Me enamoré sin remedio.
Él ni siquiera lo recordaba.
Tenía trece años cuando me enamoré del alfa Tomás. De la cabeza a la cola.
Todo comenzó con una pelea con mi hermano mayor, Damián. Dijo que era demasiado blanda para ser guerrera. Así que, naturalmente, tenía que demostrar que se equivocaba.
¿Y cómo lo hice? Escapándome sola al bosque para cazar un conejo.
Sí. Un conejo.
Lo atrapé, por cierto. Lo sujeté por las orejas. Pero en mi baile triunfal de victoria, noté un pequeño detalle:
Estaba… perdida.
Intenté enlazarme mentalmente con mi familia, pero solo recibí el sonido de la estática.
Al anochecer, tiritaba de frío, muerta de miedo, abrazando mis rodillas bajo un árbol como una cachorrita triste. Lloré. Aullé. Maldije a mi hermano.
Y entonces… ocurrió un milagro.
Un enorme lobo negro apareció, silencioso y sereno.
¿Era una amenaza? ¿Me atacaría?
No lo sabía.
Con las manos temblorosas, agarré mi daga y me puse en pie, con las piernas tambaleantes.
Él me miró una vez y luego se transformó —fluido, elegante— en un hombre.
Al salir de entre las sombras, la luz moribunda del sol se envolvía a su alrededor como una señal divina.
En ese instante, creí en el destino.
Alto. De hombros anchos. Cabello rubio. Unos ojos verdes capaces de atravesarte el alma.
Para calmar mis nervios, se presentó:
—Tomás Alvarado, futuro alfa de la Manada Fuego Solar.
No lo conocía, pero sí conocía a su manada.
La Manada Fuego Solar era una de las aliadas de la Manada Colmillo Dorado.
Aún desconfiada, solo di mi primer nombre.
—Graciela. Vengo de la Manada Colmillo Dorado.
Él volvió a su forma de lobo y se agachó, diciendo:
—Súbete. Estás en territorio de Fuego Solar. Si tu gente intenta rastrearte, no te encontrarán hasta la próxima salida de la Luna.
No olía como una amenaza. Así que me subí.

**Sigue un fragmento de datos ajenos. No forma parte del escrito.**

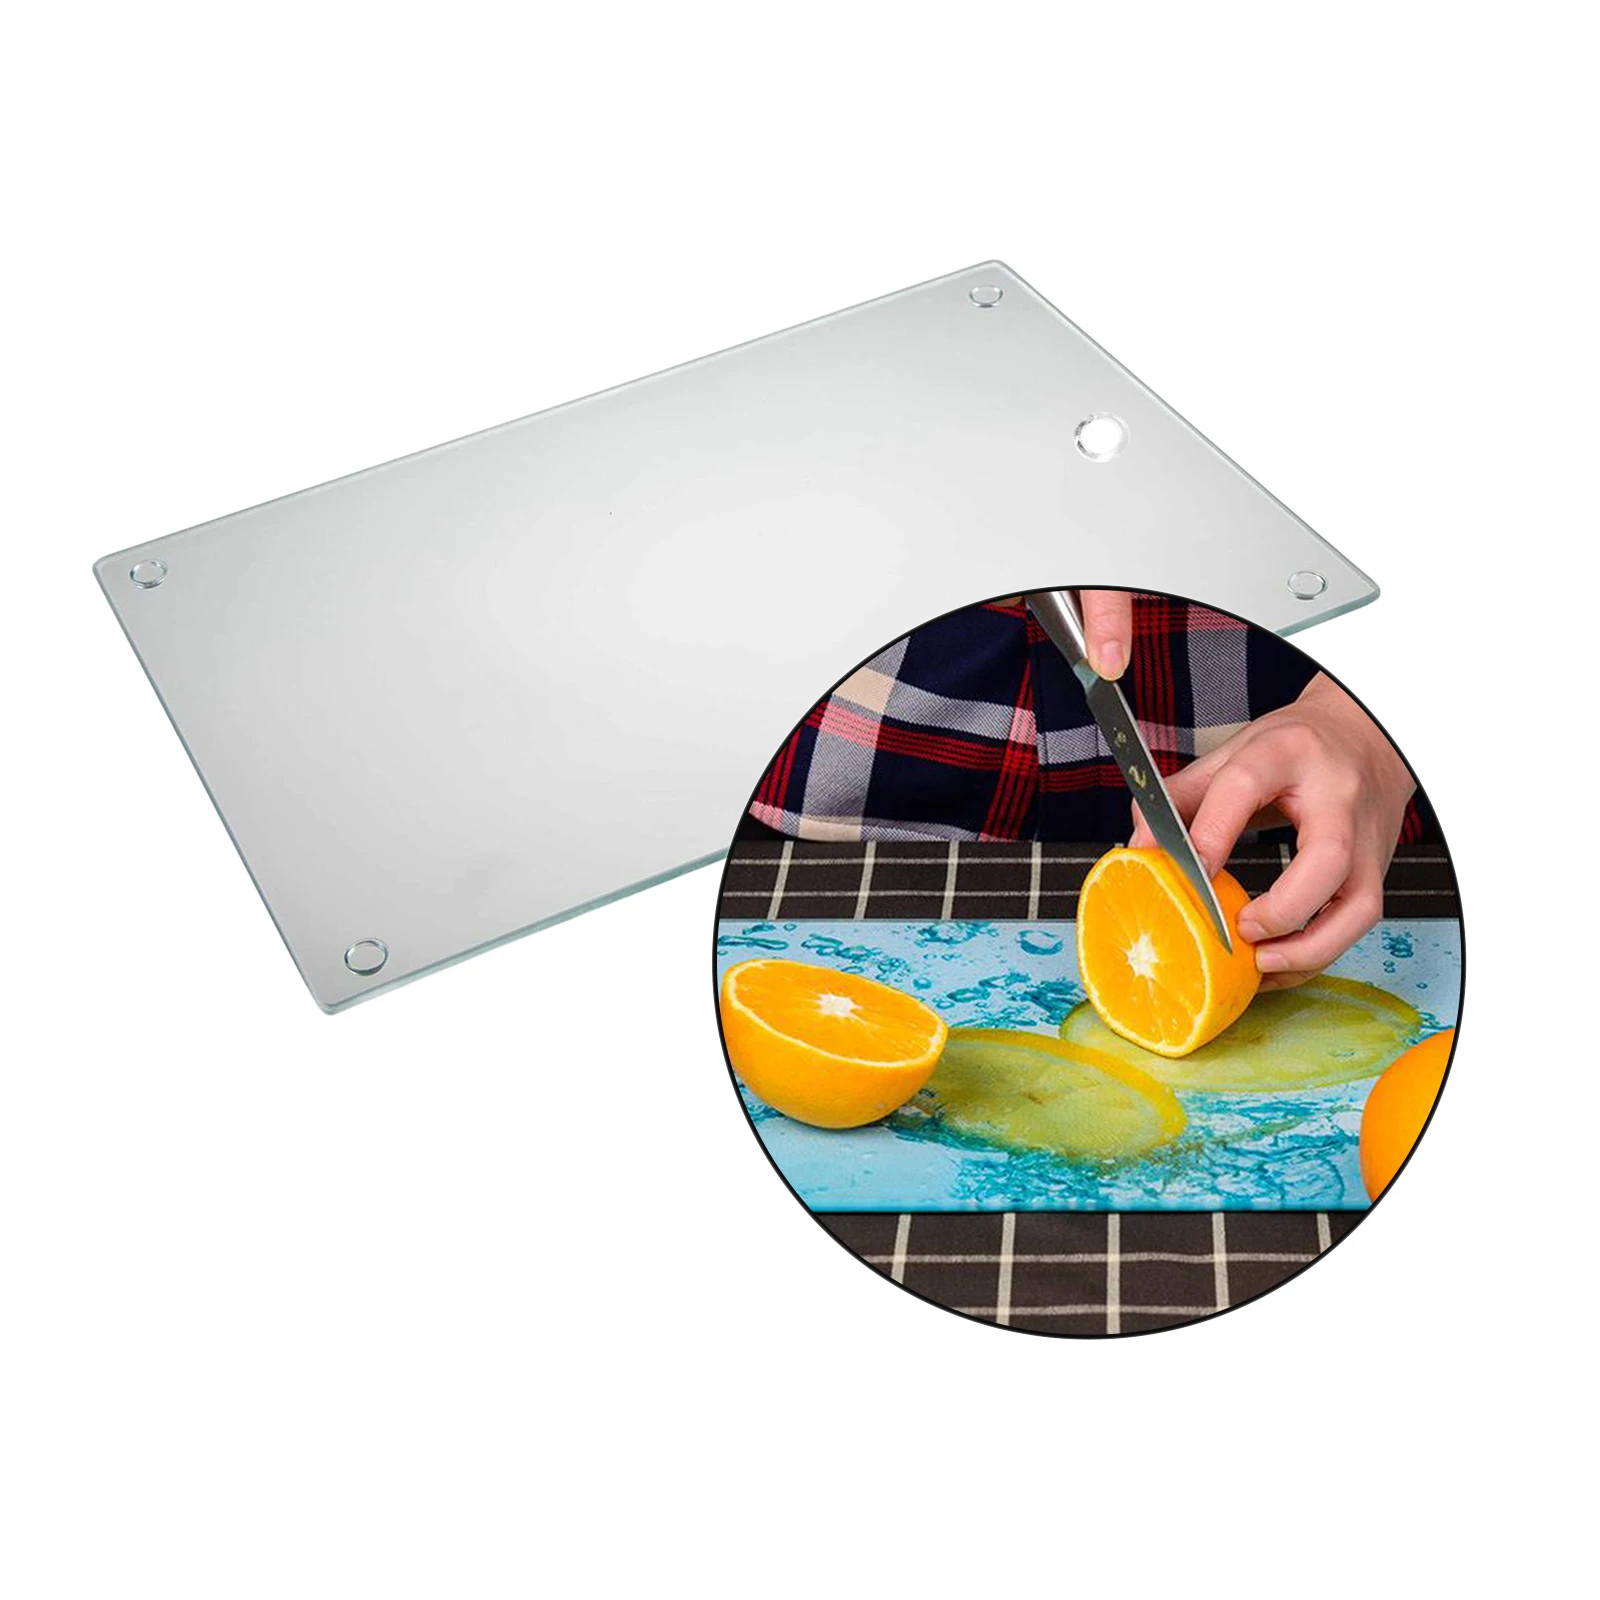 https://ae01.alicdn.com/kf/H29d81908750f4a069b1a617ab7b79d23P/40x30cm-Tempered-Glass-Kitchen-Chopping-Board-Anti-Scratch-Shatter-Resistant-Also-Can-Be-Used-As-a.jpg

Corrió con el poder de un alfa experimentado: rápido, fluido, sin esfuerzo. Y para evitar que me asustara, comenzó a hablar conmigo a través del enlace mental.
Me dijo que estaba recogiendo flores lunares para la hija de su benefactor. Que tenía algún tipo de erupción por estrés, y que, al parecer, el extracto de flor lunar era un remedio milagroso.
Qué tierno. Qué noble. Qué absolutamente domesticado.
En algún momento, arrullada por su voz y el ritmo constante de su carrera, me quedé dormida.
Cuando desperté, estábamos en la frontera del Eclipse.
Su chaqueta estaba sobre mis hombros. Y él estaba cerca, apoyado en un poste de luz, un cigarrillo encendido entre los dedos, esperando que mi manada llegara. Una sombra con forma de lobo que me custodiaba.
No se despidió. Solo asintió una vez y desapareció entre los árboles como un fantasma.
Jamás le conté a mi familia sobre esa noche.
Pero, desde ese momento, seguí cada rumor de la Manada Fuego Solar. Leí cada artículo. Vi cada transmisión.